#############
Data Recovery
#############

In the event of data loss you will need to reconstruct the missing components
(databases and files) using installation instructions and backups. What follows
is a brief outline of steps to recover lost systems, based on what's been lost.
We outline the recovery of: -

1.  Production stack database
2.  Production stack media directory
3.  Infrastructure database (Development or Production)
4.  The Rancher server data

In all cases we assume that you have kubernetes clusters and the applications.
This section does not cover the creation of the underlying clusters
or the installation of the original applications.
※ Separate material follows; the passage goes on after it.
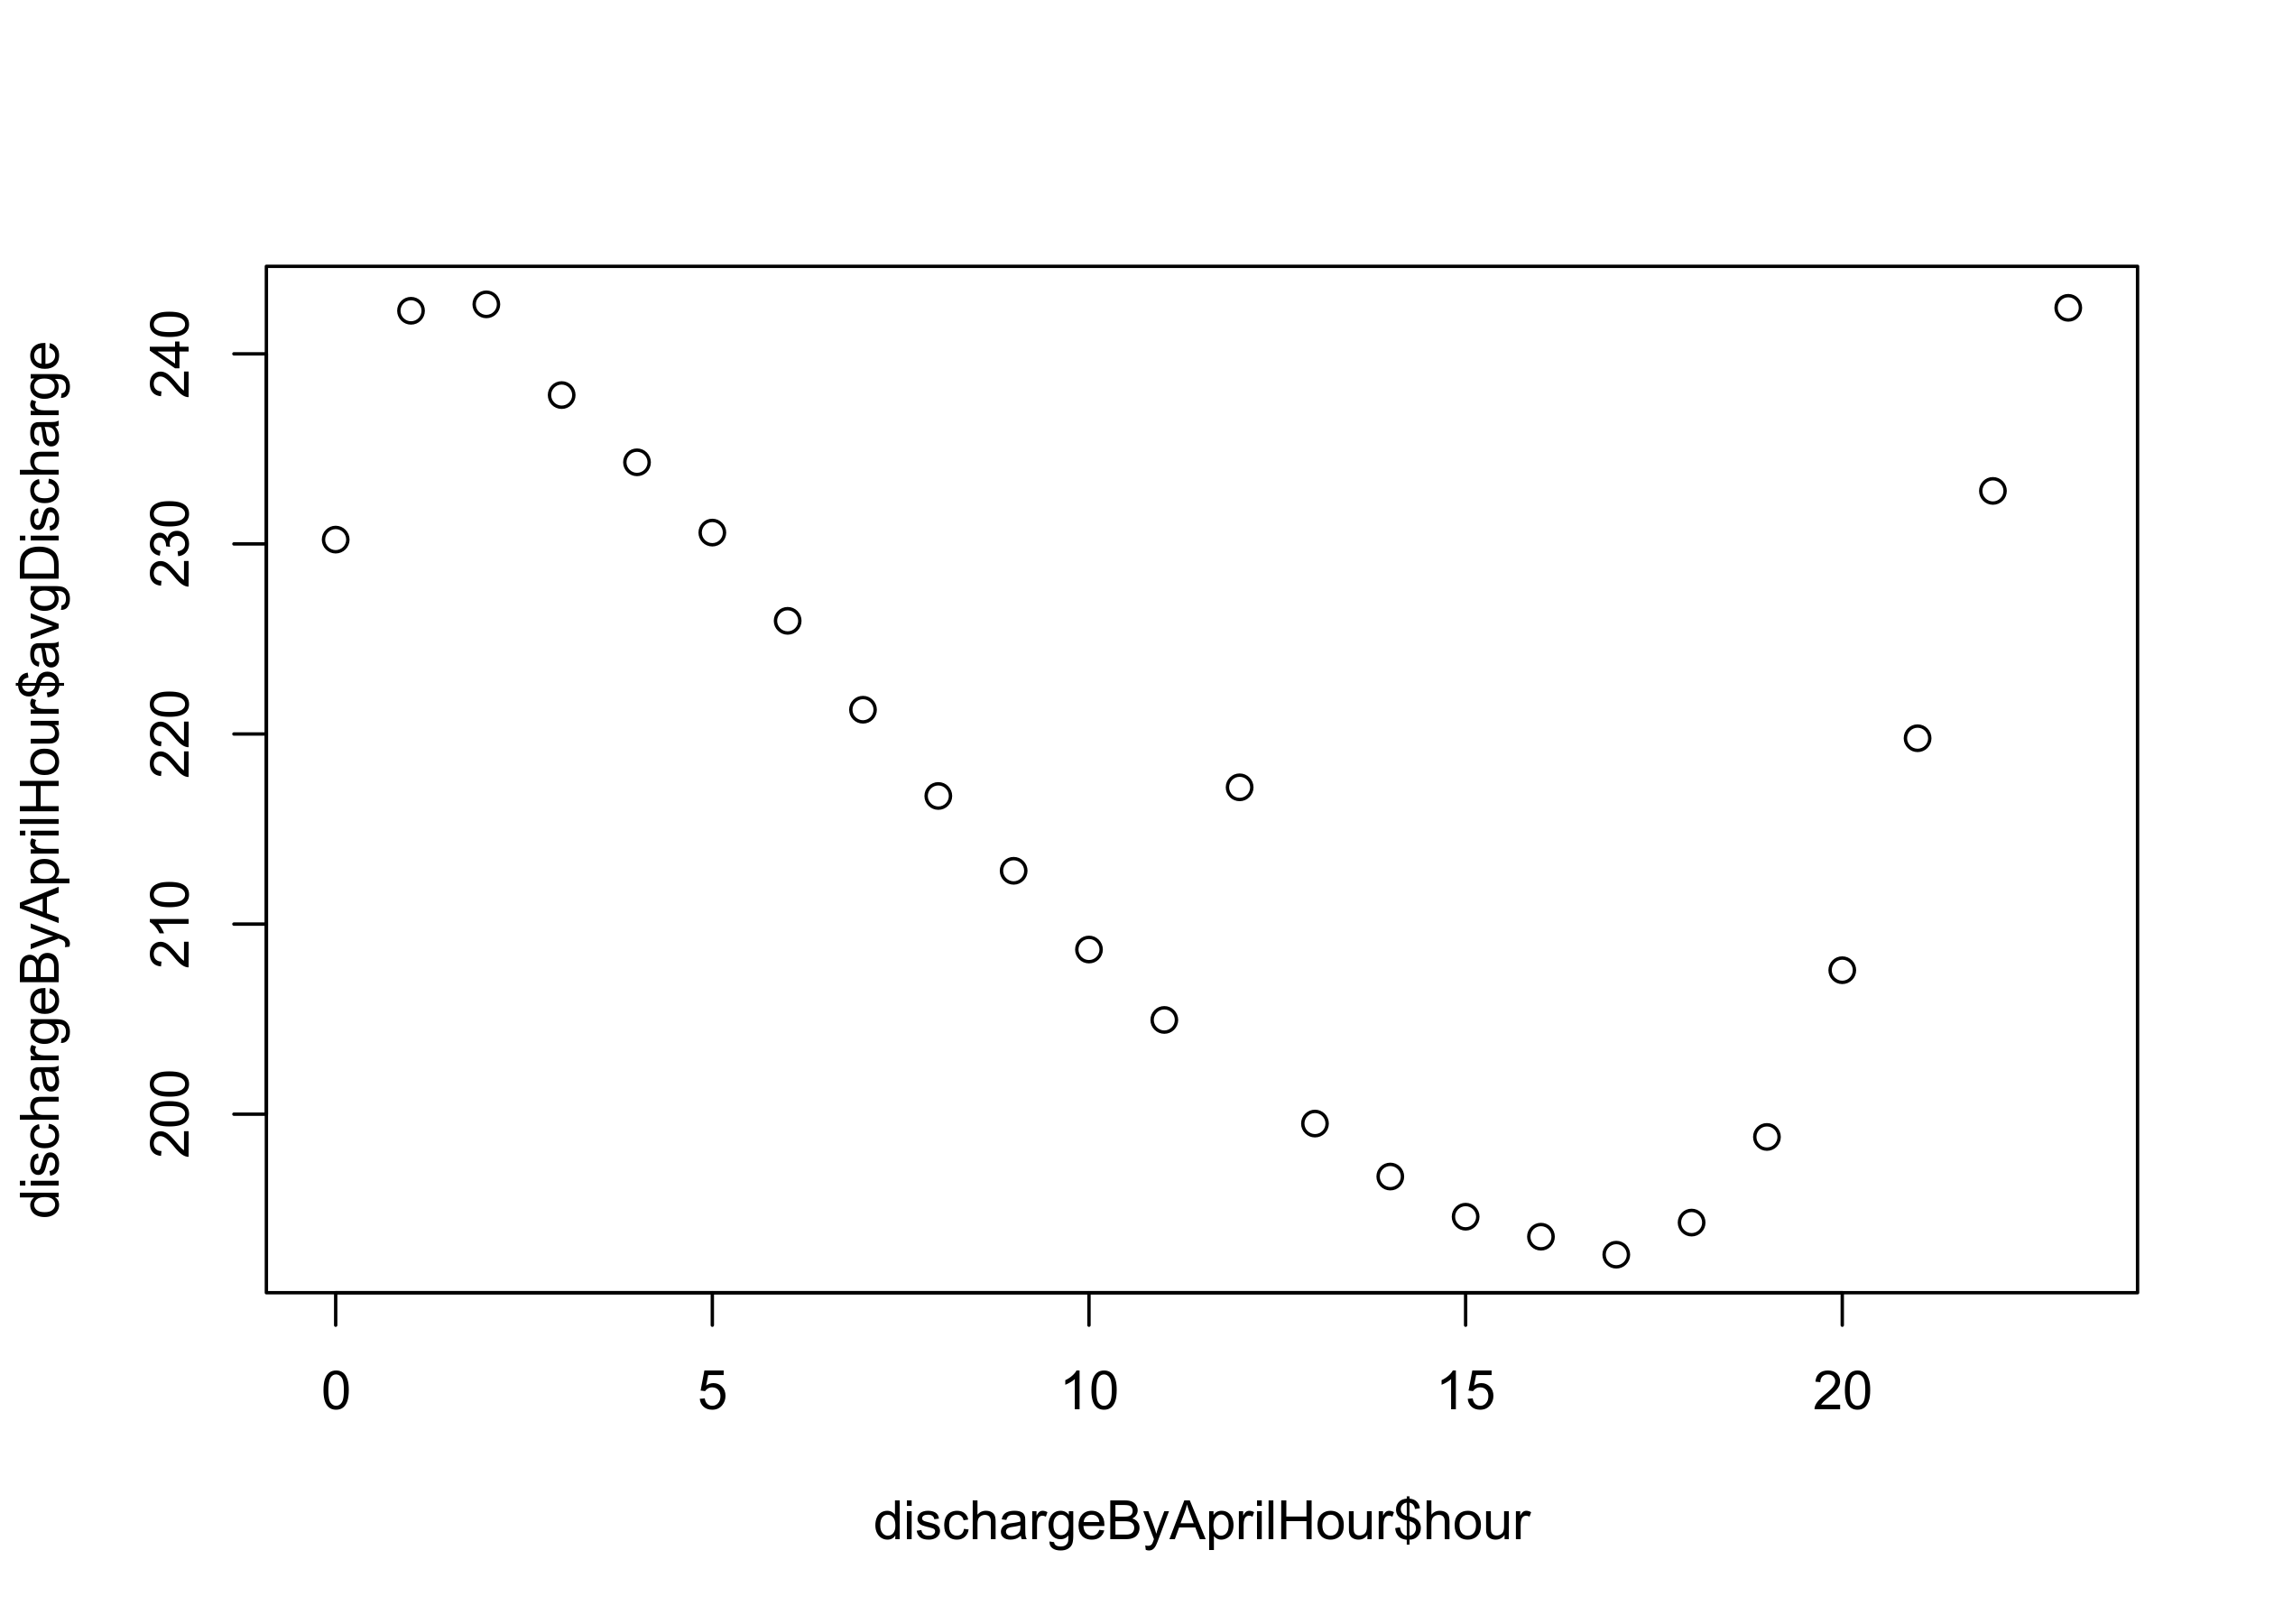 Scatterplot: April Discharge by Hour

This section is simply about
restoring data to a pre-existing installation.

.. epigraph::

    You can read detailed documentation relating to the provisioning of a cluster,
    and installation of the key applications by referring to our
    :doc:`installation guide <../installation/index>`.

**************
Stack database
**************

A convenient ansible playbook that can be used to restore backed-up databases
can be found in the Informatics Matters `bandr-ansible`_ repository. From
a clone of the repository you should create a suitable Python environment
and install the required packages. With this done you should prepare
a suitable set of ``parameters.yaml`` variables to control the playbook.
Here is a set used recently (replace the values as appropriate)::

    recovery_image_tag: 15.7
    recovery_host: database
    recovery_database: frag
    recovery_database_secret: database
    recovery_database_admin_user: admin
    recovery_namespace: production-stack
    recovery_volume_pvc: recovery
    recovery_volume_size_g: 40
    recovery_volume_storageclass: csi-cinder-sc-delete
    recovery_volume_pvc_name: recovery
    recovery_sa: stack

    recovery_use_rclone_bucket_and_path: /nw-xch-prod-v2-production-stack-backup
    recovery_rclone_s3_endpoint: https://s3.echo.stfc.ac.uk
    recovery_rclone_s3_provider: Ceph

You then need to provide Kubernetes cluster credentials and bucket credentials
via a few key environment variables::

    export K8S_AUTH_HOST=https://????
    export K8S_AUTH_API_KEY=????
    export K8S_AUTH_VERIFY_SSL=false

    export AWS_ACCESS_KEY_ID=????
    export AWS_SECRET_ACCESS_KEY=????

And then run the recovery playbook::

    ansible-playbook site-recovery.yaml -e @parameters.yaml


Recovery of the ``frag`` database will only take a few minutes, with most of the
time consumed by the recovery process copying files from the backup bucket.

***********
Stack media
***********

This is most easily accomplished from within a shell in the Production stack **Pod**.
From there you should move to the Django media directory (``/code/media``).
You will need to install the Python ``awscli`` package and know the S3 credentials
that give you access the bucket where the media files are kept::

    pip install awscli

    export AWS_ACCESS_KEY_ID=????
    export AWS_SECRET_ACCESS_KEY=????
    export AWS_DEFAULT_REGION=
    export AWS_ENDPOINT_URL_S3=https://s3.echo.stfc.ac.uk

    aws s3 cp --recursive s3://fragalysis-stack-production-media /code/media

Be prepared for the recovery of the media volume to take significant time.
With 240Gi of files to transfer (September 2025), at about 50-60MiB/s
expect recovery to take about an hour.

************************
Infrastructure databases
************************

As the infrastructure database server contains multiple databases we currently rely
on the `pg_dumpall` utility in order to get a complete copy of the server.
backups are performed every day, and are kept for a number of days,
perfomed by a **CronJob** operating ion the corresponding ``im-infra`` **Namespaces**.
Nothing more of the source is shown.